Yaşamıma tıpkı bitireceğim gibi başladım: kitaplar arasında.
...1917'de, La Rochelle'de bir sabah, benimle birlikte liseye gelecek
arkadaşlarımı bekliyordum; arkadaşlarım görünürde yoktu, az sonra
kendimi oyalamak için ne edeceğimi şaşırdım ve Yaradan'ı düşünmeye karar
verdim. Bir anda gökte yuvarlandı ve hiçbir açıklama yapmadan yok olup
gitti: çelebice şaşkınlıkla kendi kendime: Tanrı yok, dedim ve bu işin
orada bittiğine inandım. O günden bu yana, onu yeniden diriltmek için
hiçbir çaba sarf etmediğime göre, bir bakıma iş gerçekten bitmişti. Ama
öteki, Görünmeyen, Kutsal tin, bana vekilliğimi sağlayan, adsız ve
kutsal büyük güçlerle yaşamımı yöneten Tanrı, yerinde duruyordu. Bu
sonuncudan daha zor kurtardım kendimi, çünkü o, kafamın gerisinde,
kendimi anlamak, bir yere oturtmak ve doğrulamak üzere kullandığım
uydurma kavramların içine yerleşmişti. Yazmak; Ölüm'den, yani maskeli
Din'den, yaşamımı rastlantının elinden kurtarmasını istemek anlamına
geldi uzun süre...
...İlerki ölümsüzlüğüm somut geleceğim oldu. Her havailik an'ını vurup öldürüyordu bu ölümsüzlük, en derin dikkatin ortasına yerleşti, daha derin bir avuntu, her türlü bütünlüğün boşluğu, gerçeğin hafif gerçek dışılığı oldu; bu ölümsüzlük, uzaktan, ağzımdaki karamelanın tadını, yüreğimdeki acı ve hazları öldürüyordu; ama en değersiz an'ı kurtarıyordu, çünkü bu an en sonuncuydu ve beni ona, ölümsüzlüğe yaklaştırıyordu; yaşama sabrını verdi bana: yirmi yıl ileri atlamayı, yaşamın bir başka yirmi yılının sayfalarını karıştırmayı bir daha hiç istemedim, utkunun uzak günlerini bir daha hiç düşlemedim; bekledim. Her an bir sonraki an'ı bekliyordum, çünkü o da kendinden bir sonraki an'ı çekiyordu kendine. Büyük bir dinginlik içinde aşırı bir ivecenlikle yaşadım: hep kendi kendimin ilersinde bulunan varlığımı her şey emip yutuyor, hiçbir şey beni yolumdan alıkoymuyordu. Ne büyük bir rahatlayış!..

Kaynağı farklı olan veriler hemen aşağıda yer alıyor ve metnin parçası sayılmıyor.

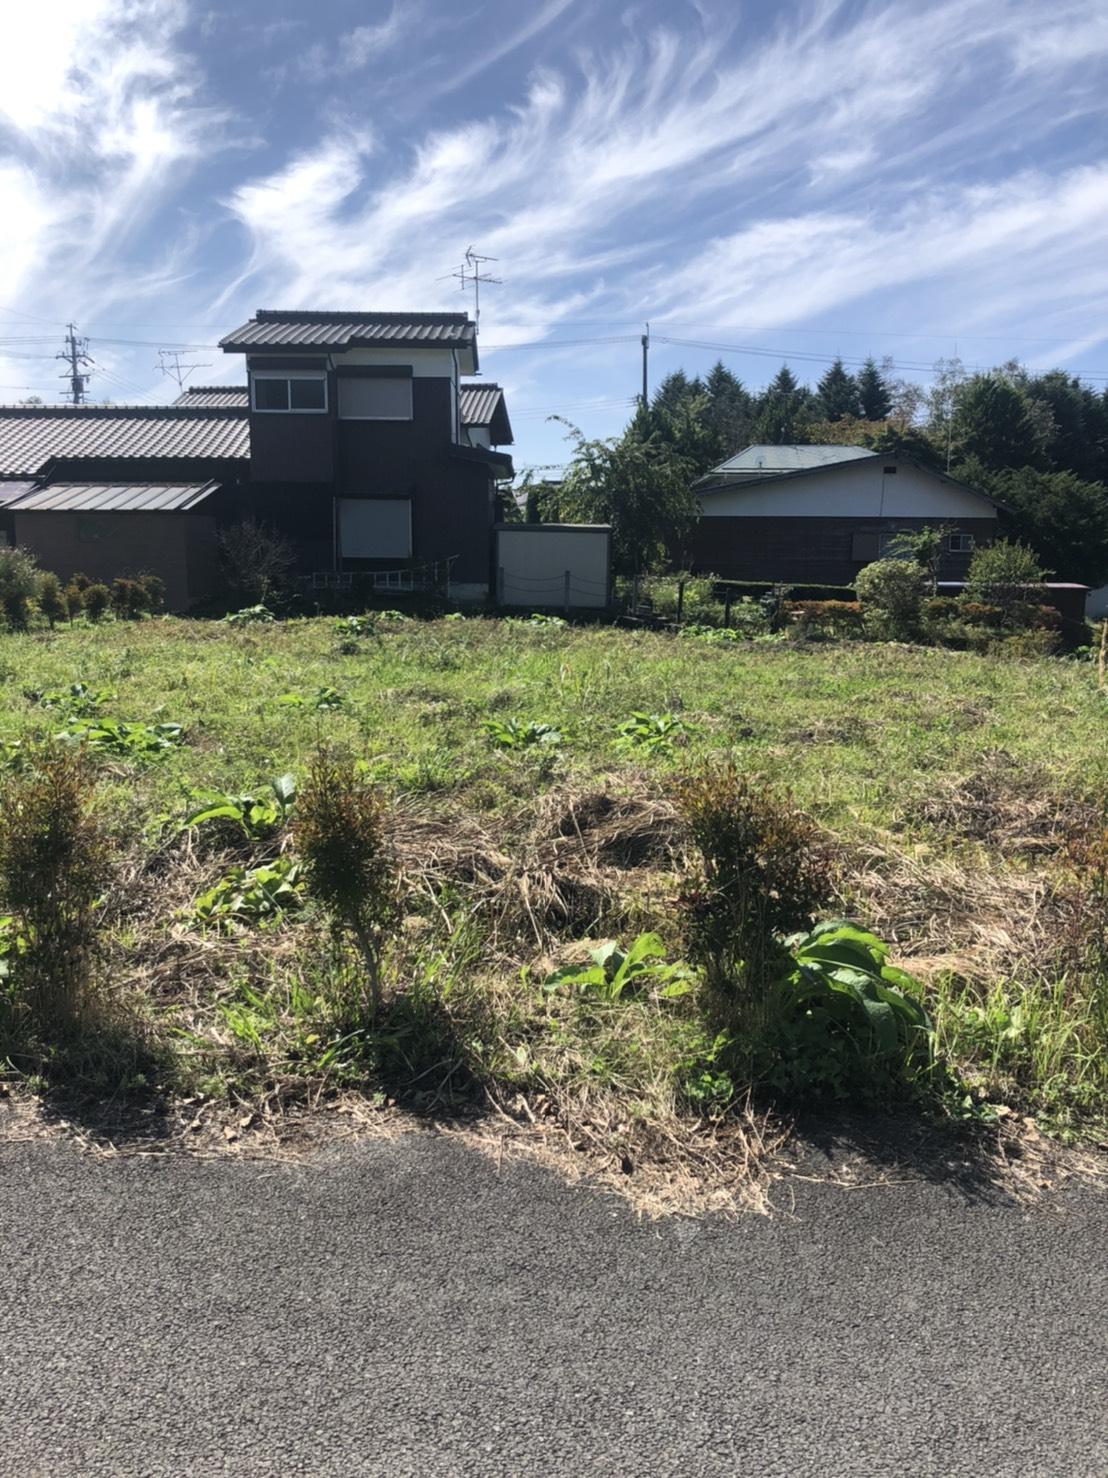 【中軽井沢土地】駅近の利便性の良い土地(区画B)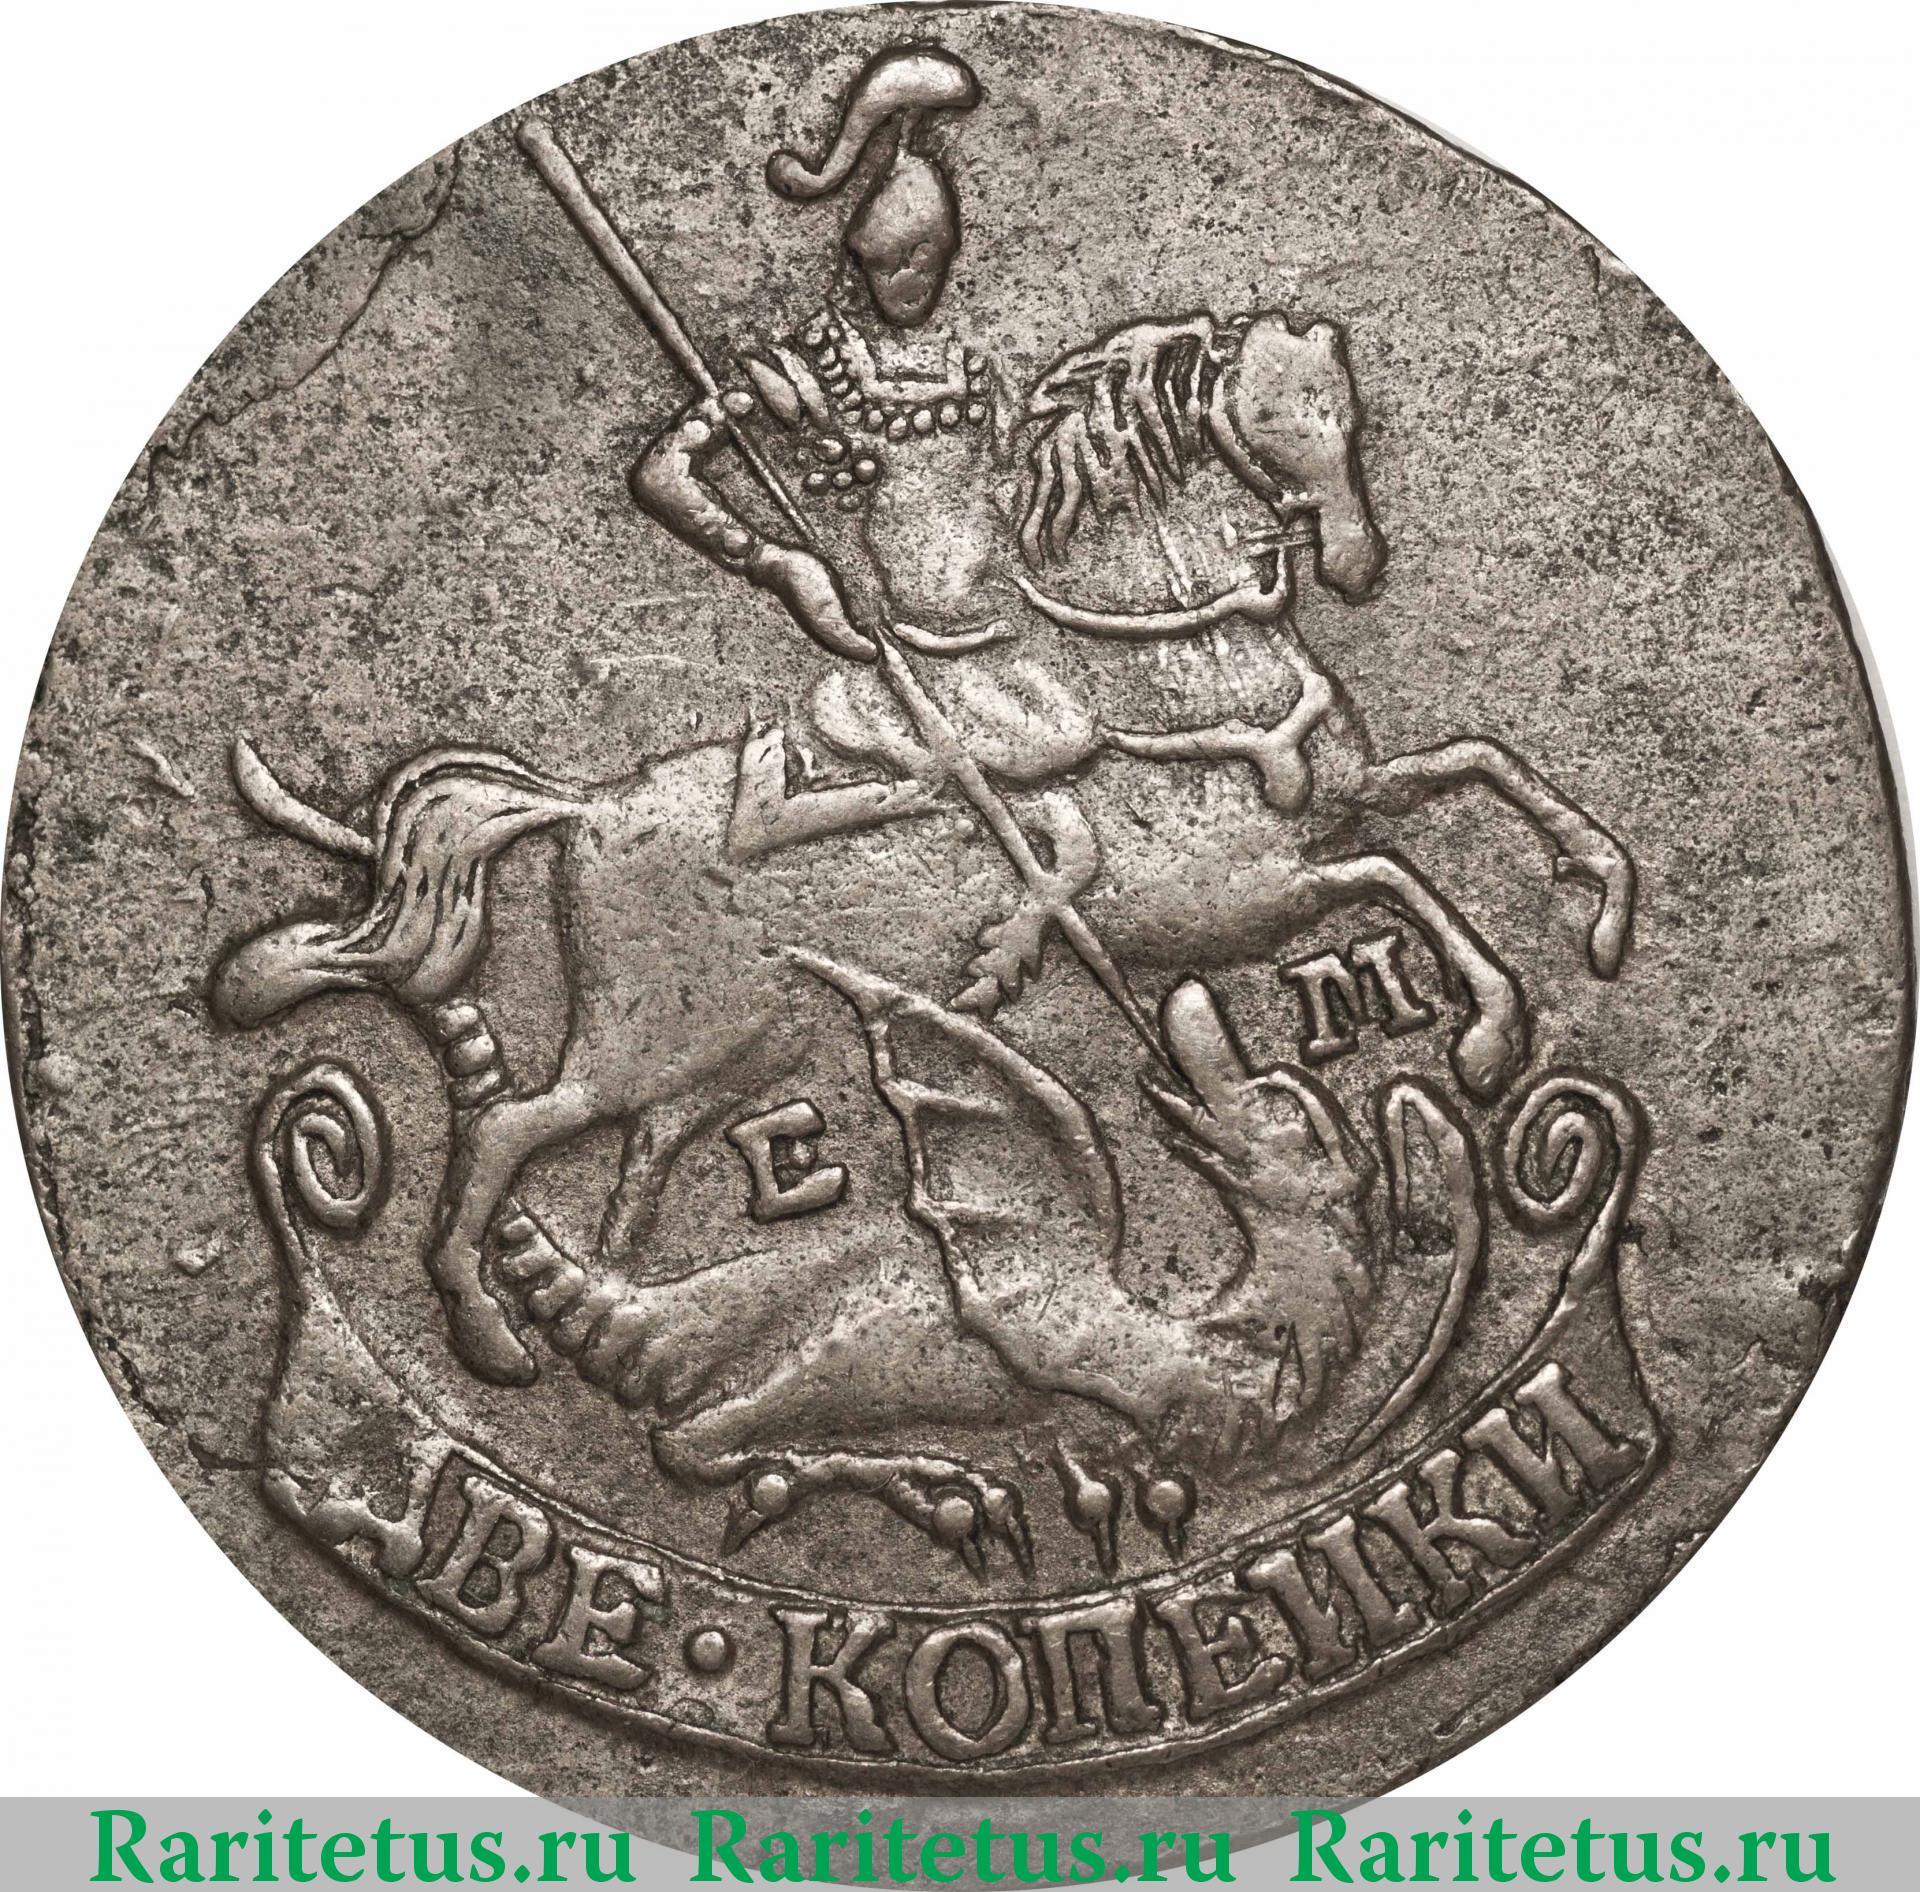 2 копейки 1777 года цена фото денег гривны для печати

...İnsan türünün beni sürdüreceğine inandırmak üzere, kafamın içinde, onun (insan türünün) hiç tükenmeyeceği konusunda karara varıldı. İnsanlık içinde eriyip gitmek, doğmak ve bitimsiz olmak demekti, ama önümde, elli bin yıl sonra da olsa, bir gün bir tufanın insan türünü yok edeceği söylendi mi, deliye dönüyordum; büyüden kurtulmuş olmama karşın, bugün bile ürpermeden düşünemem güneşin soğuması olasılığını: çağdaşlarımın daha öldüğü günün ertesinde beni unutmaları bana vız gelir, tıpkı tarihe geçmemiş, tanımadığım ve hiçleşip gitmekten kurtardığım milyarlarca adsız ölünün bende varoluşu gibi ben de çağdaşlarımın her birinde varolacak, yaşadıkları sürece akıllarını kurcalayacaktım onların; ama eğer yokolup giderse, işte o zaman ölülerini gerçekten öldürecekti insanlık...
...Ölümün elinden barbarlığını çekip almak için, ölümü kendime erek
edinmiş ve yaşamımı da ölmenin bilinen biricik yolu yapmıştım: yalnızca
kitaplarımı doldurmaya yetecek kadar umut ve isteğe sahiptim, yüreğimin
son vuruşunun kitaplarımın son cildinin son satırına yazılacağına ve ölümün ancak bir ölüyü ele geçireceğine inanarak, yavaşça sonuma doğru yol alıyordum...
...Gerçek bir çılgınlık haline getirdim bu işi: gelecek diye büyük bir
ölünün geçmişini seçtim ve yaşamı tersinden yaşamaya uğraştım...
...Mutsuzluklarım bir kitap ortaya çıkarmaya yarayacak denemelerden,
yollardan başka bir şey olmayacaktı hiçbir zaman. Acılara ve
hastalıklara dayanmayı öğrendim: bir utku olacak ölümümün ilk
ürünlerini, beni bu ölüme çıkaracak basamakları yaşadım onlarda...
...
Otuz yaşında şu güzel işi becerdim: Bulantı'da -bu işi büyük bir
içtenlikle yaptığıma inanabilirsiniz- çağdaşlarımın doğrulanmamış, acı varoluşunu yazıp, kendiminkine hiç dokunmadım. Roquentin
idim, hiç acımadan onda kendi yaşamımın dolaplarını ortaya koyuyordum;
ama aynı zamanda seçilmiş kişi, cehennem yıllarının yazarı, kendi öz
hücre kansuyum üzerine çevrilmiş cam ve çelikten yapılma fotomikroskop, yani ben idim...
.... Hep yazıyorum. başka ne yapabilirim ki?